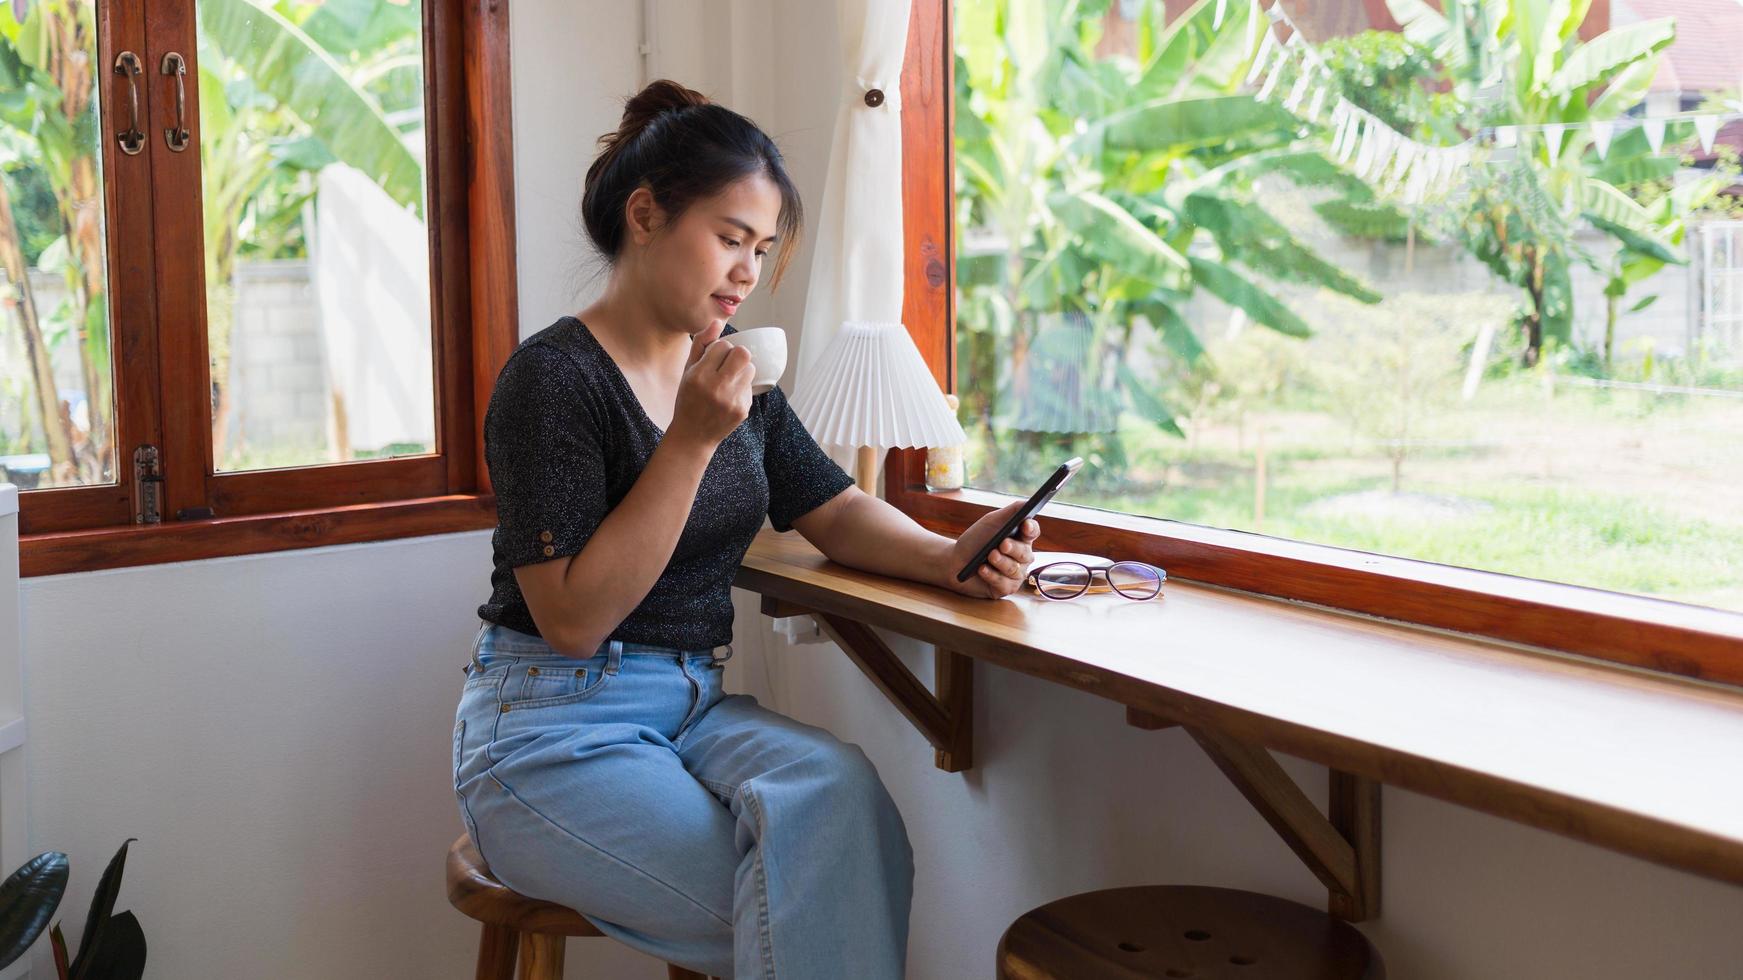 Asian woman with a beautiful smile watching on mobile phone during rest in a coffee shop, happy Thailand female sit at wooden bar counter drinking coffee relaxing in cafe during free time photo
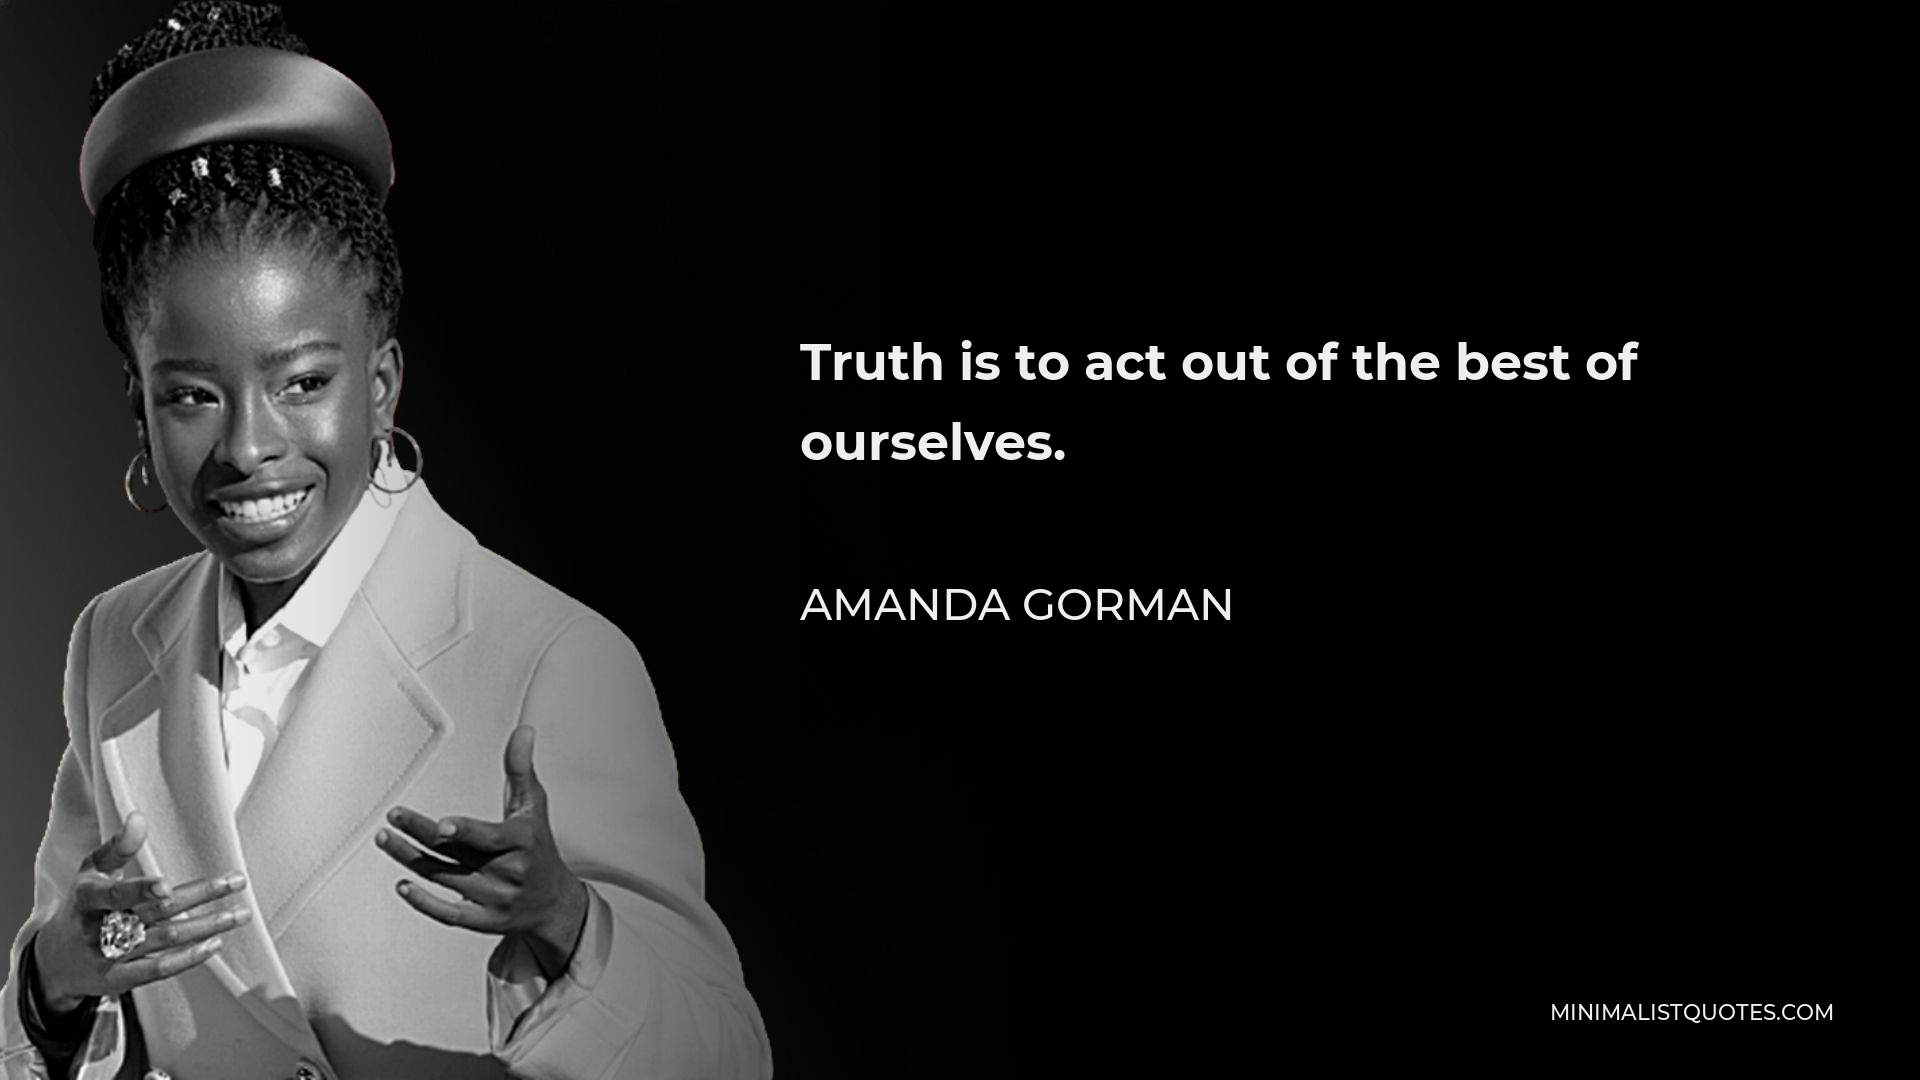 Amanda Gorman Quote - Truth is to act out of the best of ourselves.
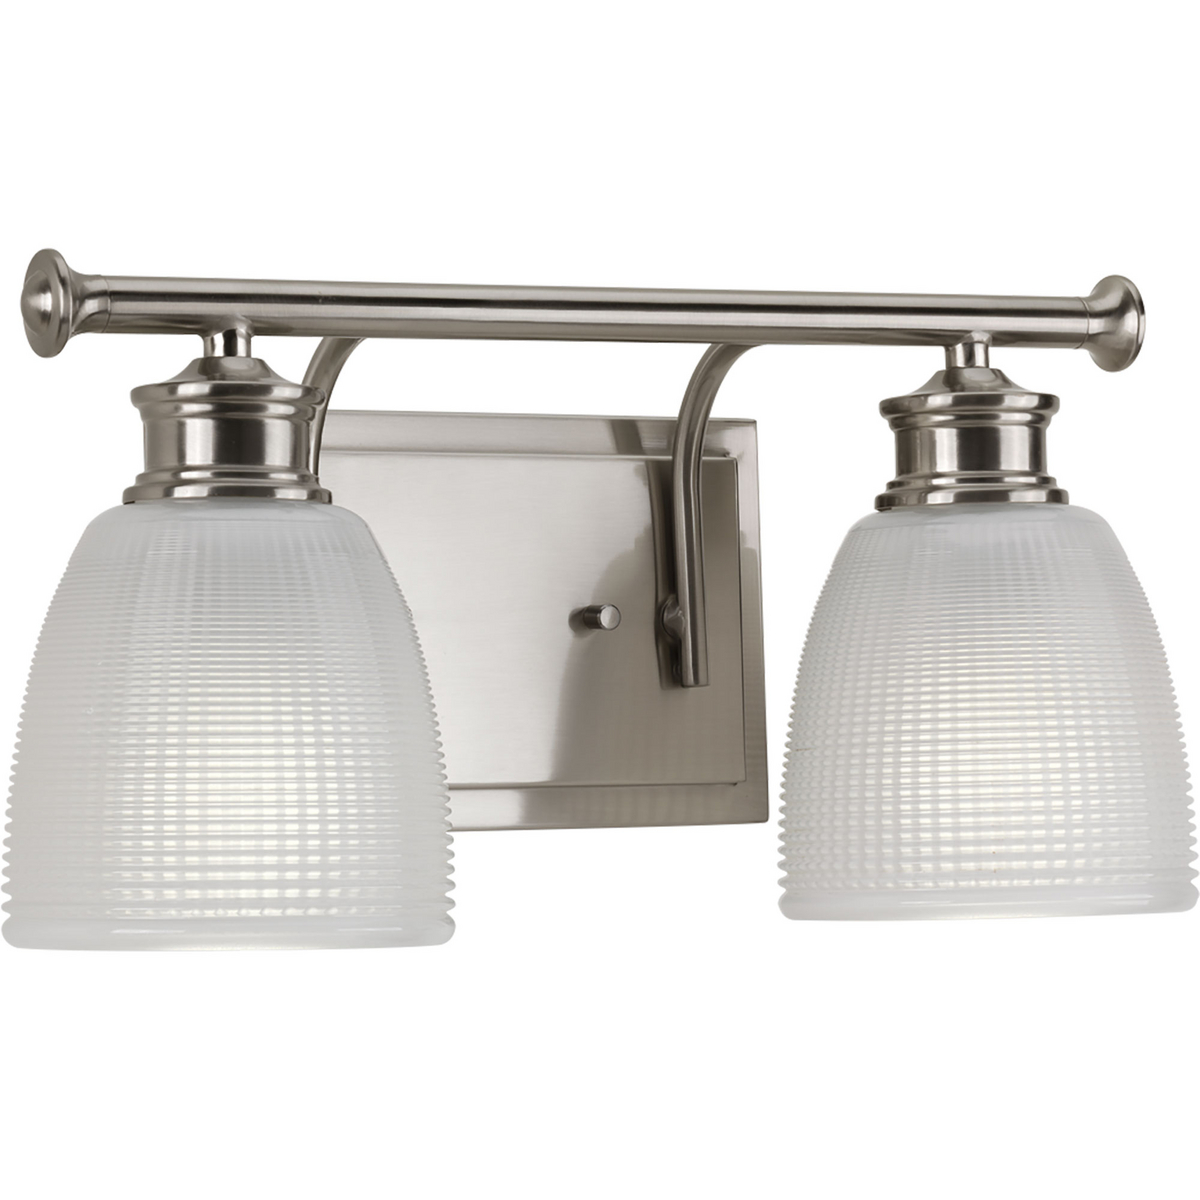 Two-light bath from the Lucky Collection, with a distinctive design that evokes a vintage flair with finely crafted details. Light is beautifully illuminated through double prismatic frosted glass shades. Brushed Nickel finish.
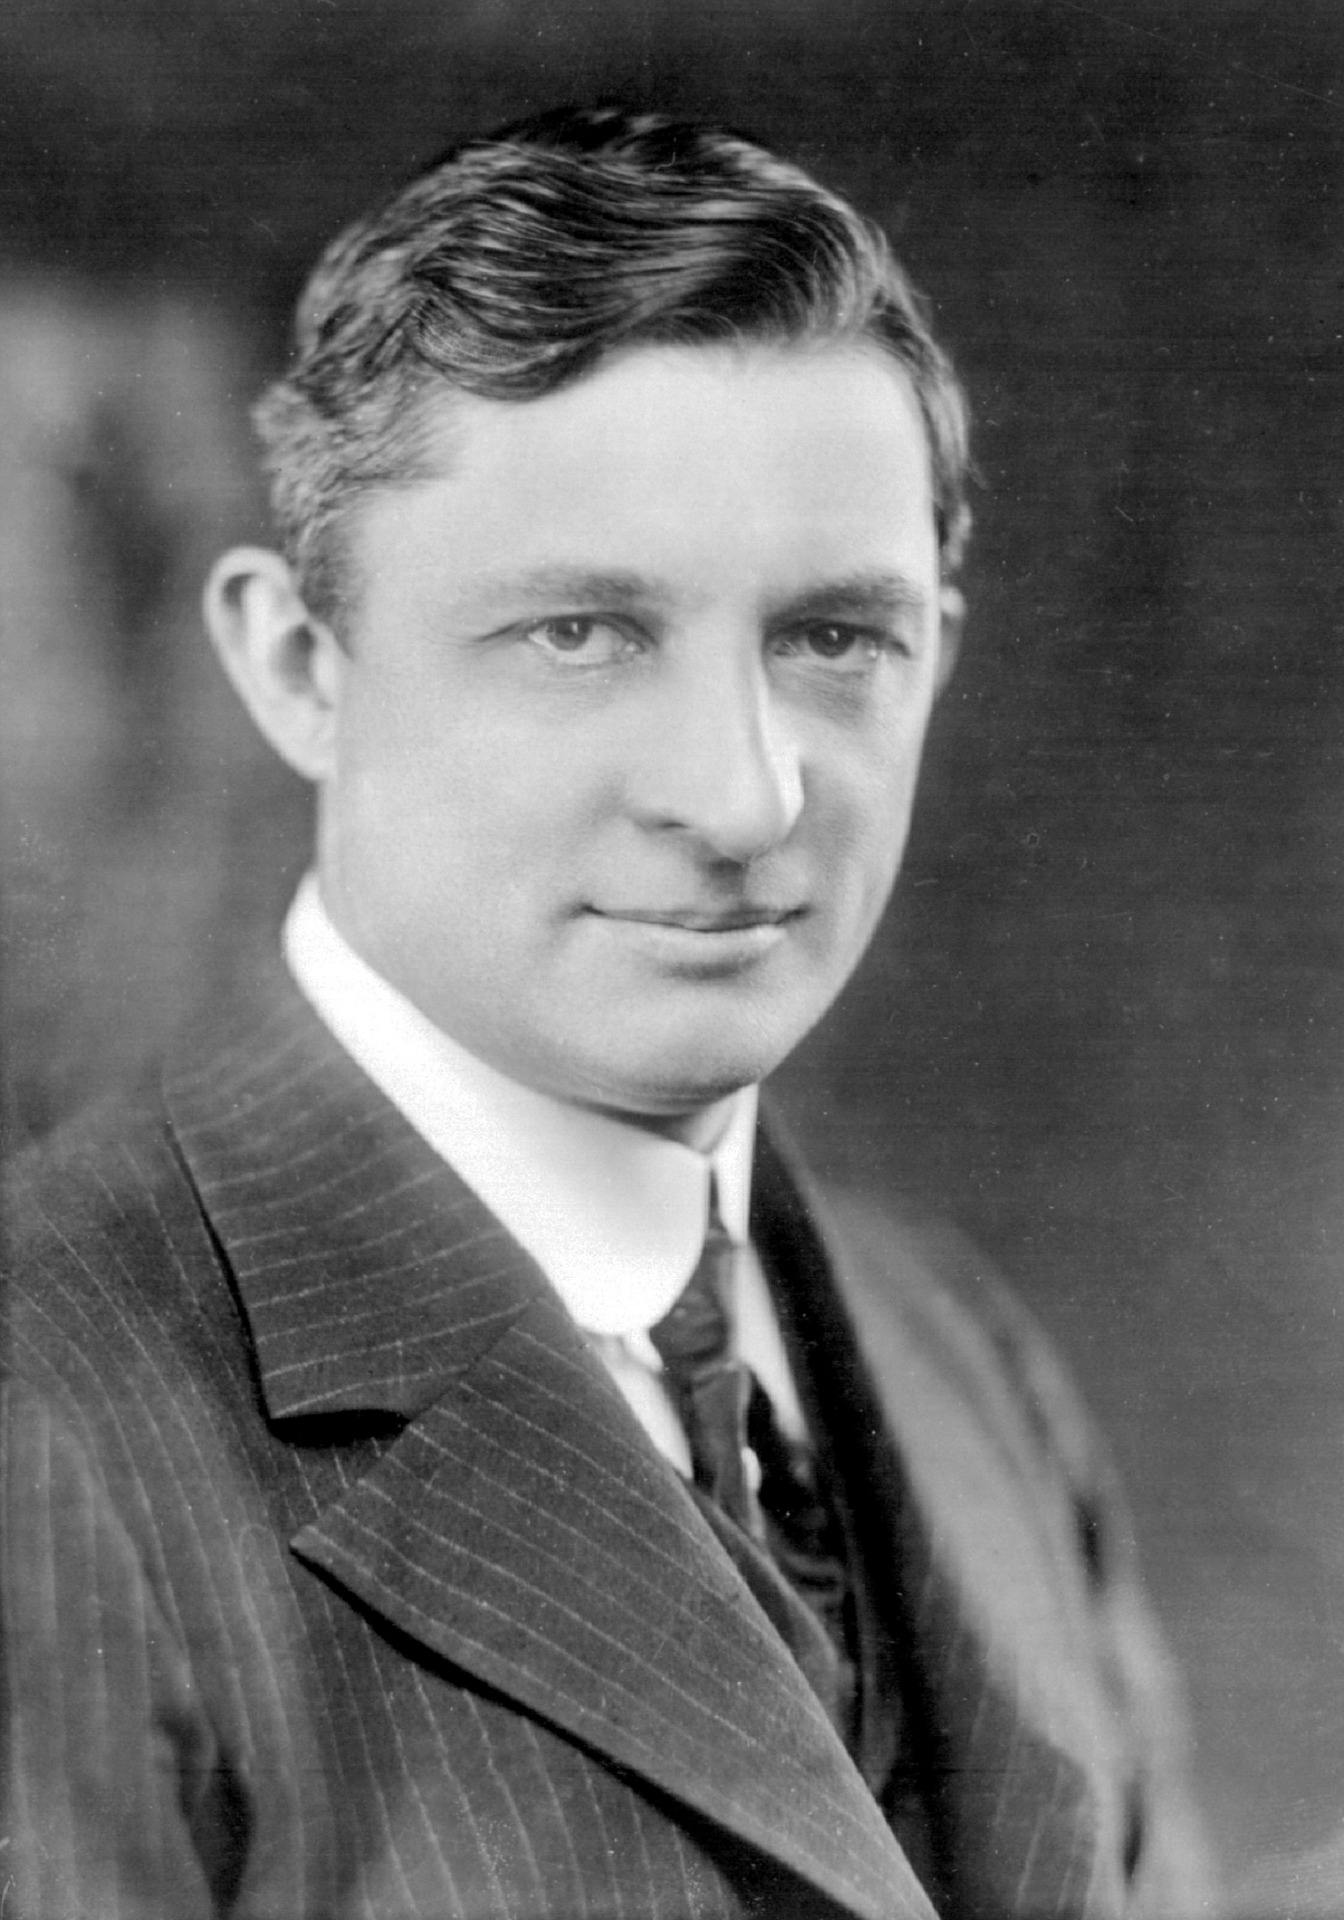 Willis Carrier, the pioneering inventor of modern air conditioning technology poses for a portrait
=====
Work request = In your copy of the listing above, reproduce each line exactly and omit all pictures.

Result of the exercise =
 Asian woman with a beautiful smile watching on mobile phone during rest in a coffee shop, happy Thailand female sit at wooden bar counter drinking coffee relaxing in cafe during free time photo
 Amanda Gorman Quote - Truth is to act out of the best of ourselves.
 Two-light bath from the Lucky Collection, with a distinctive design that evokes a vintage flair with finely crafted details. Light is beautifully illuminated through double prismatic frosted glass shades. Brushed Nickel finish.
 Willis Carrier, the pioneering inventor of modern air conditioning technology poses for a portrait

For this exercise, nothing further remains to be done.